*ACTION ITEM*: Please write out every line of the listing without alteration, but omit the images.

:: AVAILABLE DATA

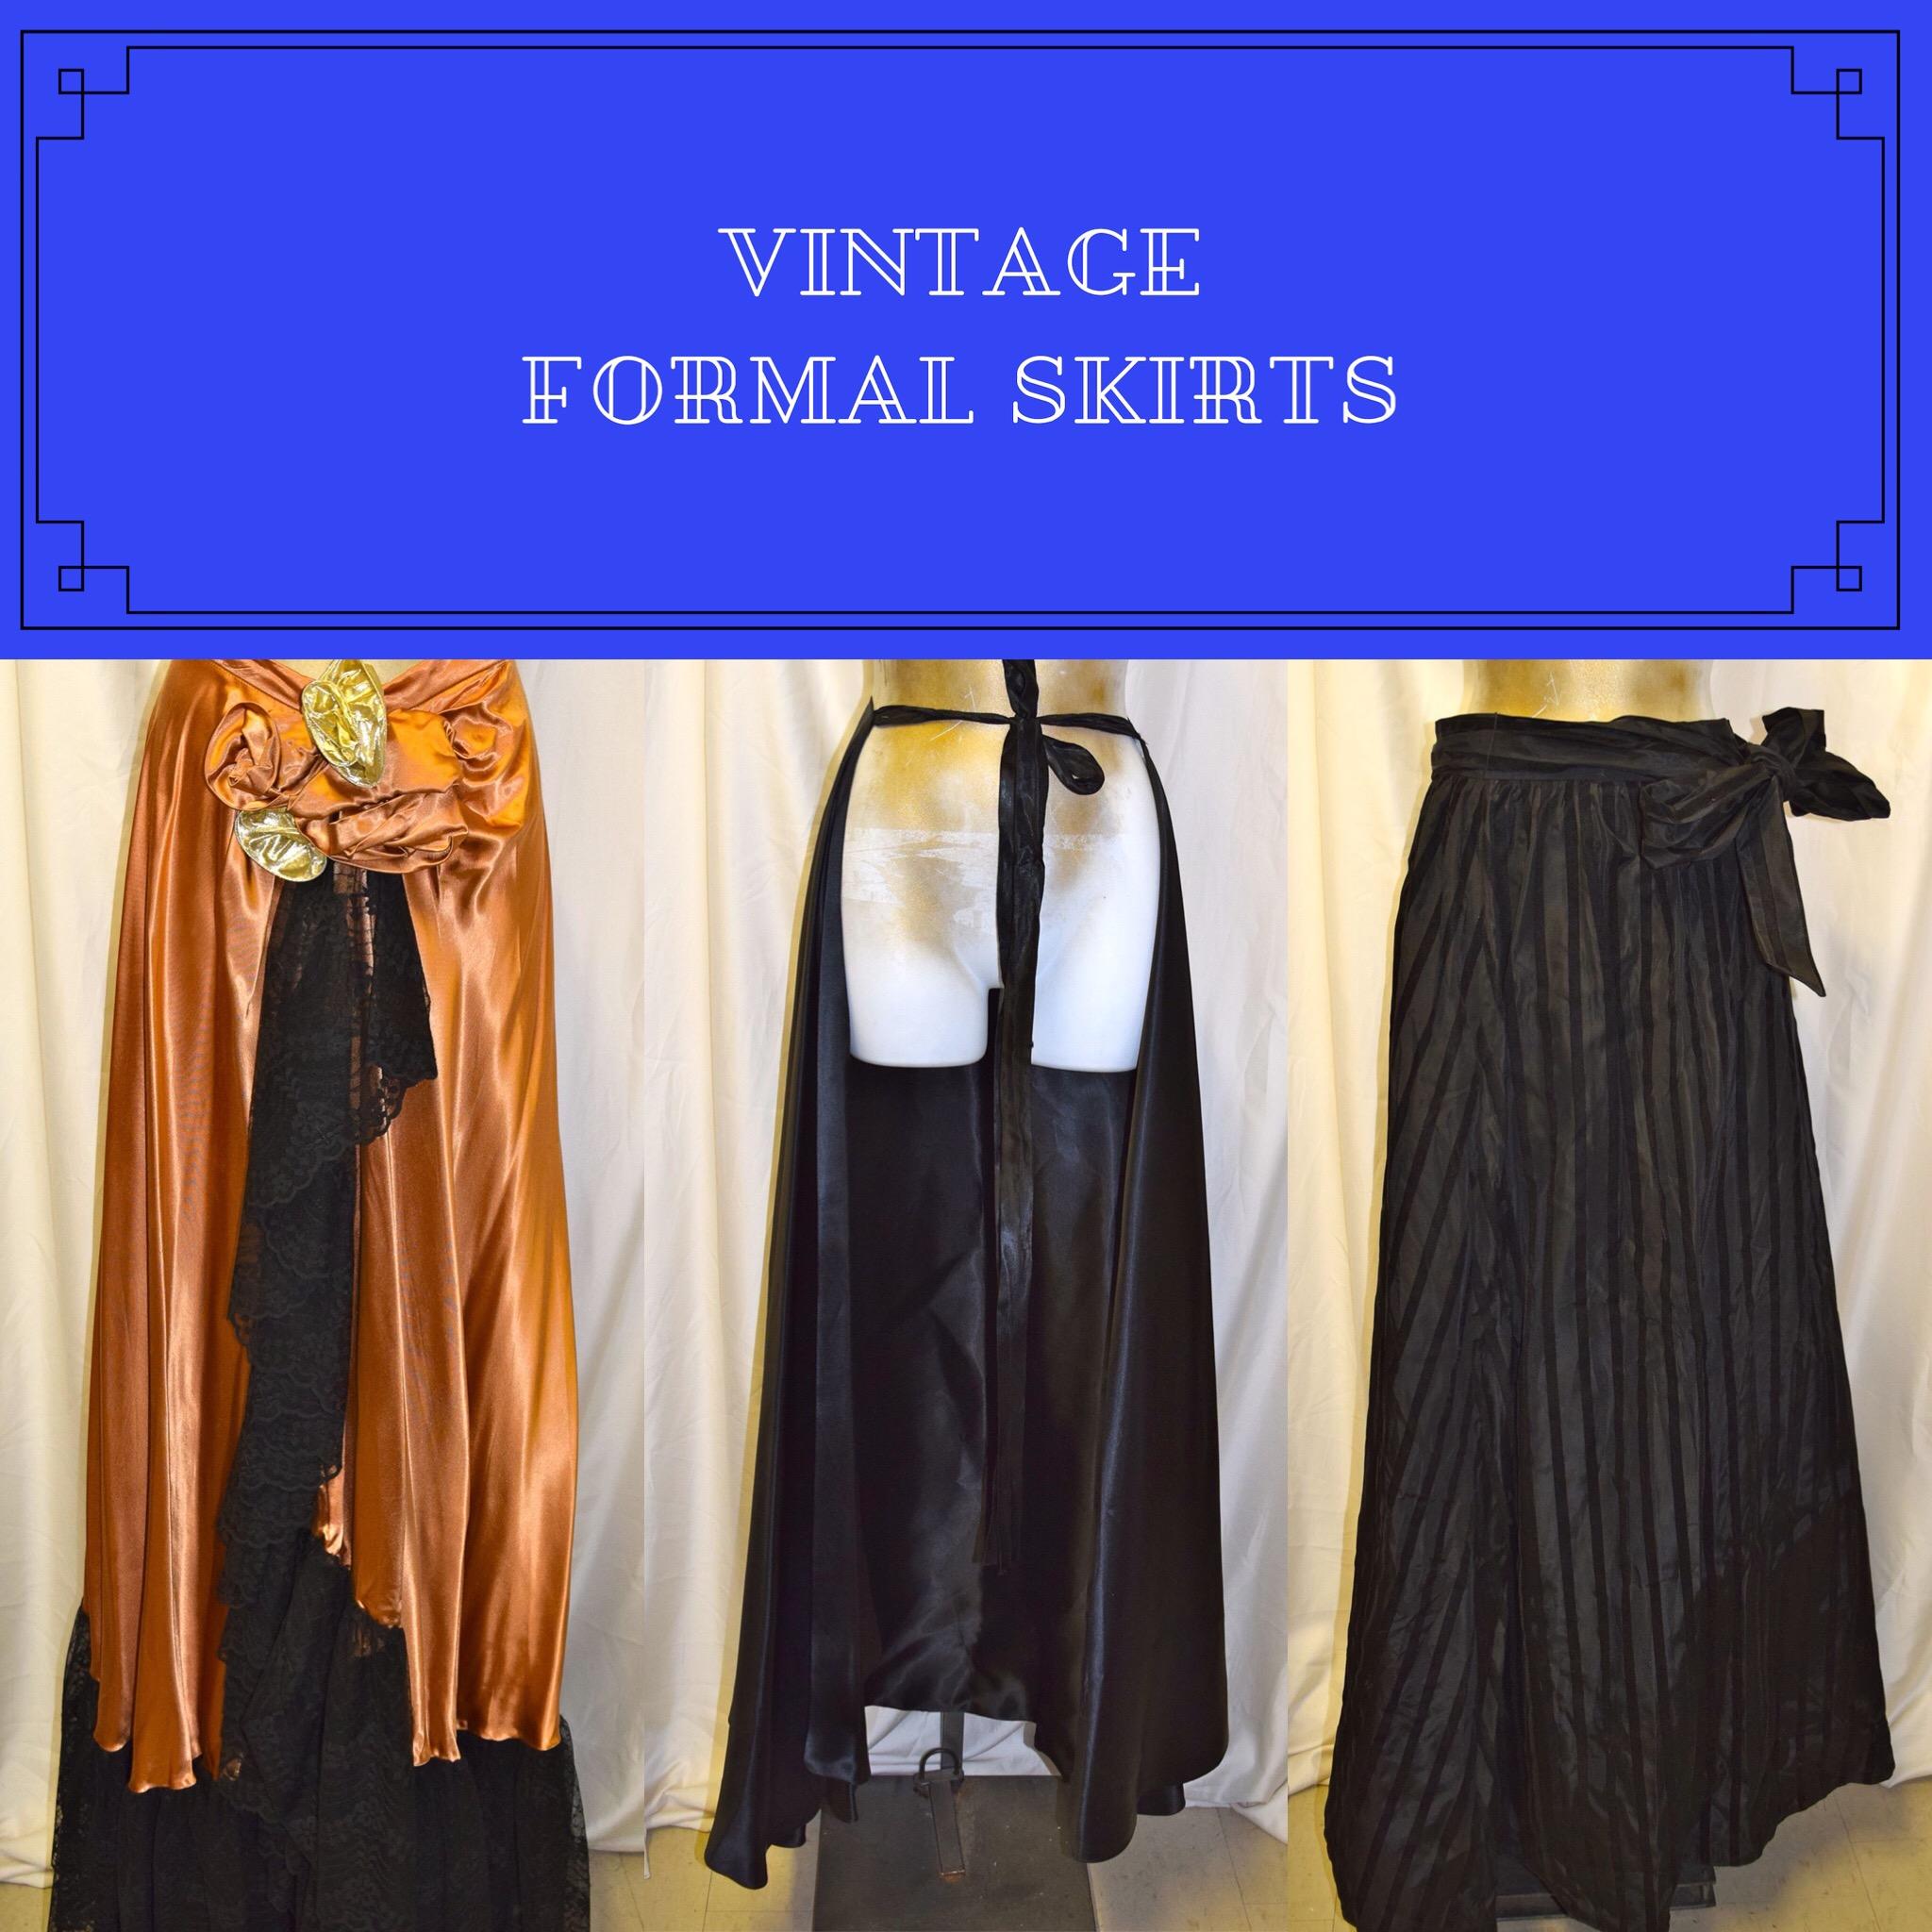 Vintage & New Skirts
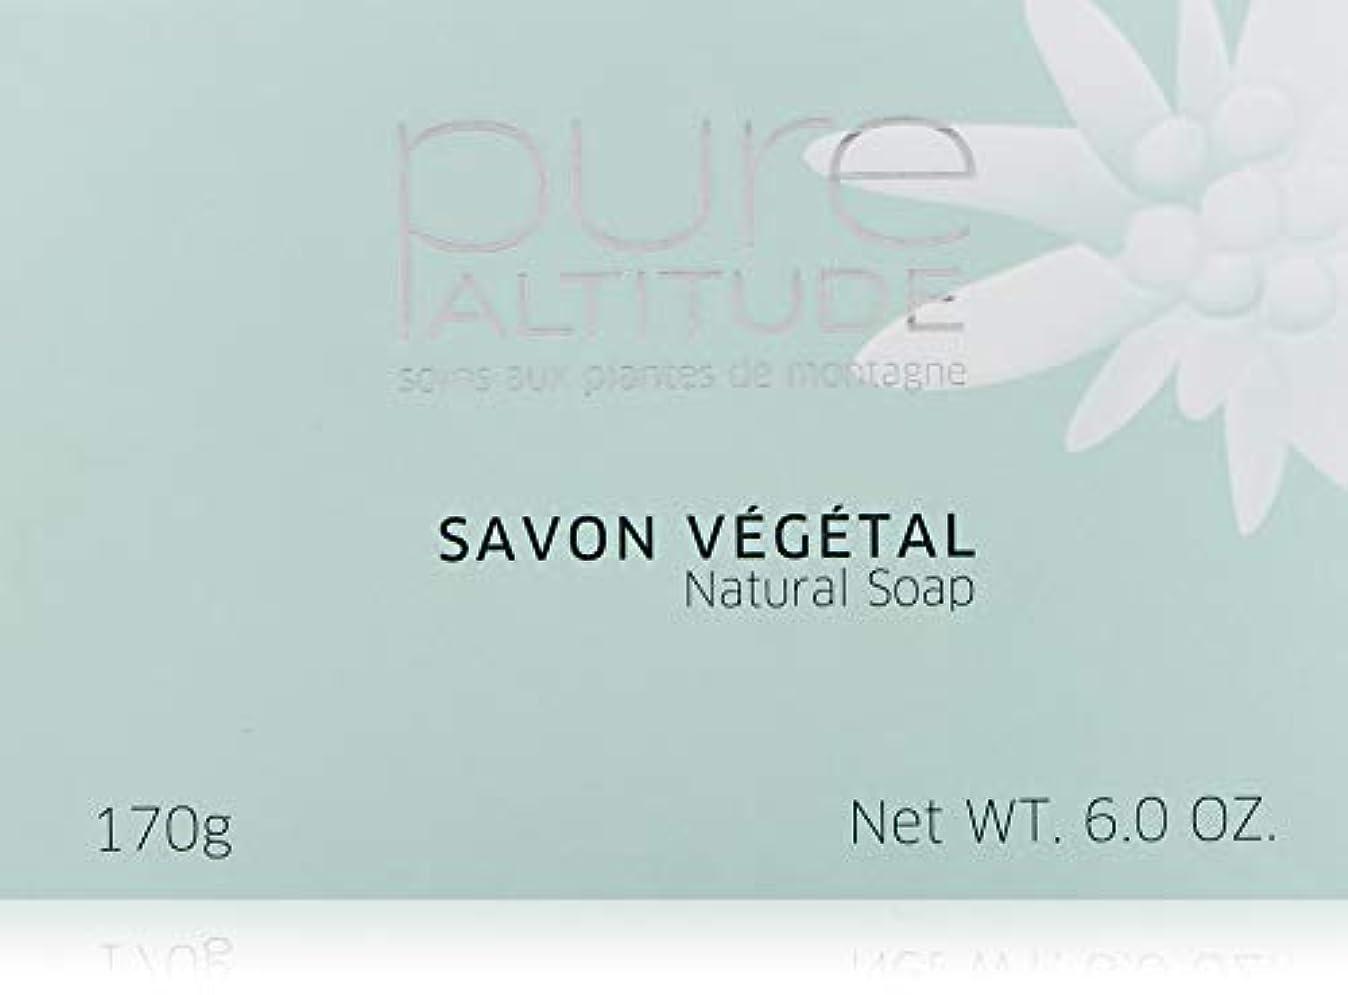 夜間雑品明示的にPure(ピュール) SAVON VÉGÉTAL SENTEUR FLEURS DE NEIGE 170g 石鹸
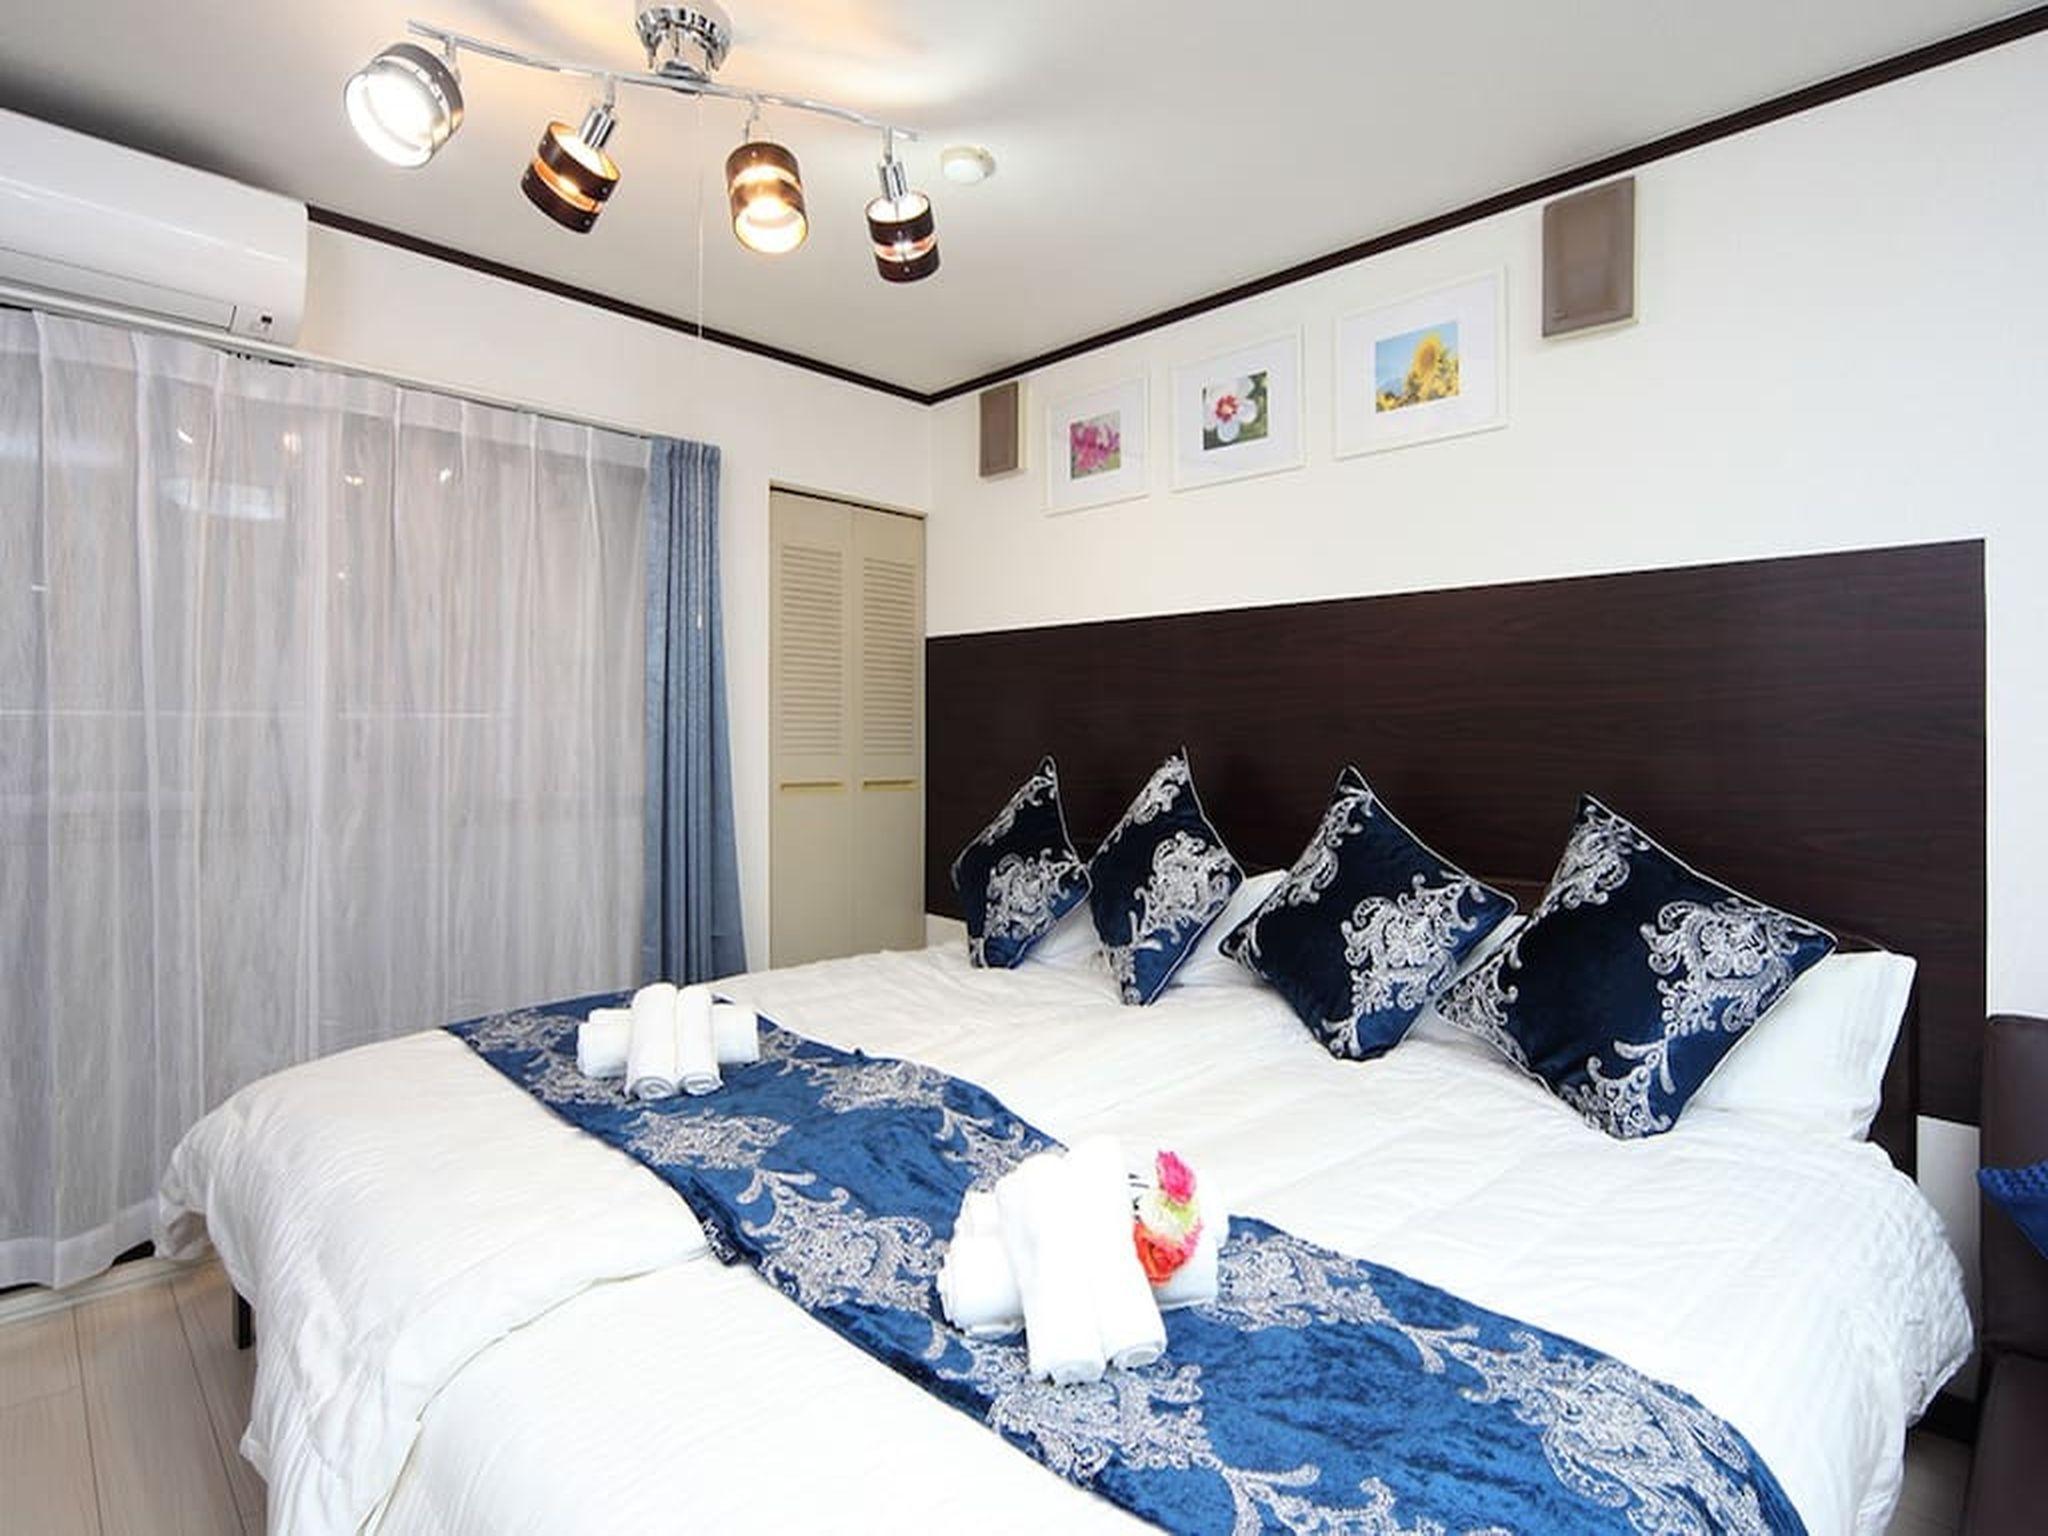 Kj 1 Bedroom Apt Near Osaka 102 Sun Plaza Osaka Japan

::::

*EXERCISE RESULT*:
 Vintage & New Skirts
 夜間雑品明示的にPure(ピュール) SAVON VÉGÉTAL SENTEUR FLEURS DE NEIGE 170g 石鹸
 Kj 1 Bedroom Apt Near Osaka 102 Sun Plaza Osaka Japan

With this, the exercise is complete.